Personal information
- Full name: Julián Eustasio Olave Videa
- Date of birth: 29 March 1884
- Place of birth: Bilbao, Biscay, Spain
- Date of death: 2 April 1932 (aged 48)
- Place of death: Madrid, Spain

Managerial career
- Years: Team
- 1924: Spain (1)

President of the Spanish Football Federation
- In office 1924–1926
- Preceded by: Gabriel Maura
- Succeeded by: Antonio Bernabéu

= Julián Olave =

Spanish football manager and sports leader

Julián Eustasio Olave Videa (29 March 1884 – 2 April 1932) was a Spanish sports leader who presided over the Spanish Football Federation between 1924 and 1926 and also a football Manager who co-directed one match of the Spanish national team in 1924. As the president of the RFEF, he signed the Declaration of Professionalism in 1924 and its implementation in 1926, and he was also the first Spaniard to join the FIFA Committee in 1925.

==Biography==
Although born on 29 March 1884 in Bilbao, his sporting career began in 1910, as technical secretary of the Real Sociedad, since he had his automobile representation business in the city of San Sebastián. When he was the vice-president of the club, he was one of the promoters and founders of the Unión Española de Clubes de Fútbol (UECF), which was created as an alternative to the FECF, the current Royal Spanish Football Federation, and which was on the verge of wrecking the structure of Spanish football.
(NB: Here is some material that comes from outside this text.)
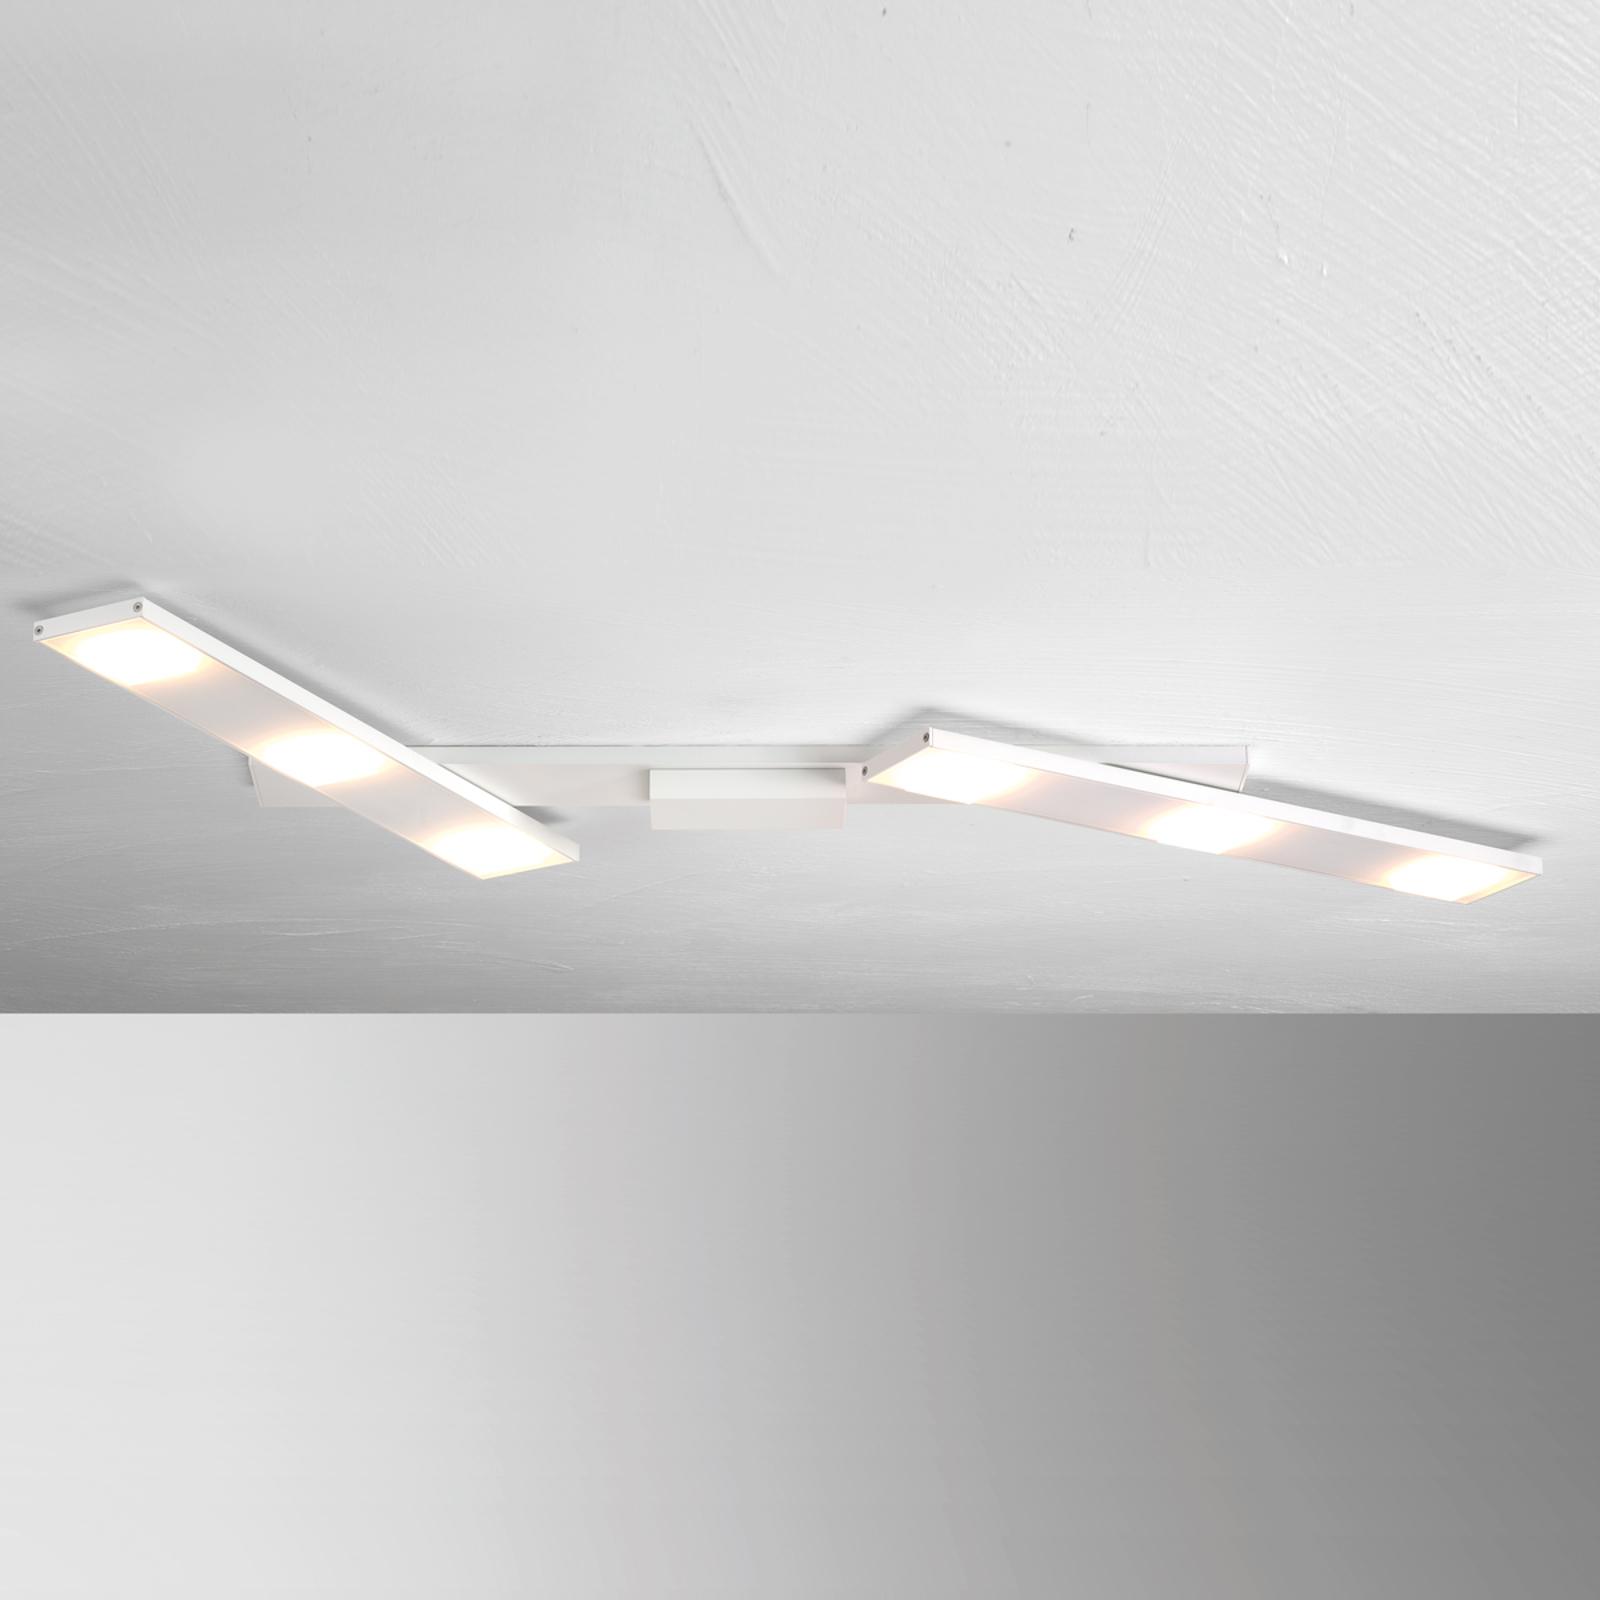 Bopp Slight schwenkbare LED-Deckenlampe weiß

He was elected secretary of this entity, and as such, when FIFA did not accept the coexistence of two federations, he signed a letter to FECF proposing to reach a merger agreement between the two federations. An agreement was eventually reached in September, with the basis for unification being signed by the presidents of the two entities in dispute, Olave and Ricardo Ruiz Ferry.
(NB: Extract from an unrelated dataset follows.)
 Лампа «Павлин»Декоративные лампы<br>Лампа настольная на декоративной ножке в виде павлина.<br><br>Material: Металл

The Spanish Union officially disappeared in 1914, but it always remained as a de facto power in the shadows, reappearing when the Spanish National League was created in 1928, postulating a rather elitist tournament, and later in 1933–34 supporting the group of the so-called "speakers", but on both of these occasions, Olave was now on the opposite trench. In 1924, in one of those turbulent assemblies, he was elected the 5th president of the Spanish Football Federation, a position that he held for two years until his resignation in 1926, being replaced by Antonio Bernabéu. In those years of so much turmoil within Spanish football, Olave was a figure of enormous relief and importance.

Notably, Olave was the one who signed the Declaration of Professionalism in 1924 and its implementation in 1926. In his functions as president, Olave had the task of heading the Selection Committee of the Spanish national team, a triumvirate made up of himself, treasurer José Rosich, and secretary Luis Colina, so he provisionally served as national coach in a match against Austria held at the Camp de Les Corts on 21 December 1924, which ended in a 2–1 victory thanks to goals from Antonio Juantegui and Josep Samitier. In March 1927, he was invited to become the president of the federation again, but he instead offered to serve Spanish football in a lower step than the one he had occupied a few months before, thus being reconstituted as treasurer. In 1928, he had no hesitation in coming to the aid of the then president, Pedro Díez de Rivera y Figueroa, to put order in the federation finances.

In the 1910s he was one of the first translators of the football regulations into Spanish. He was the first Spaniard to join the FIFA Committee in 1925, under the presidency of Jules Rimet. The 1929 FIFA Congress, which was held in Barcelona, was attended by a Spanish delegation formed by Olave, Rosich, and Ricardo Cabot, and its most important point was the discussion of the regulations of the upcoming inaugural FIFA World Cup in 1930, and Spain was the first to withdraw its candidacy to host the tournament in order to donate support to Montevideo, the "most Spanish city among all the Spanish capitals of South America".

==Death==
Olave died in Madrid on 2 April 1932, at the age of 48.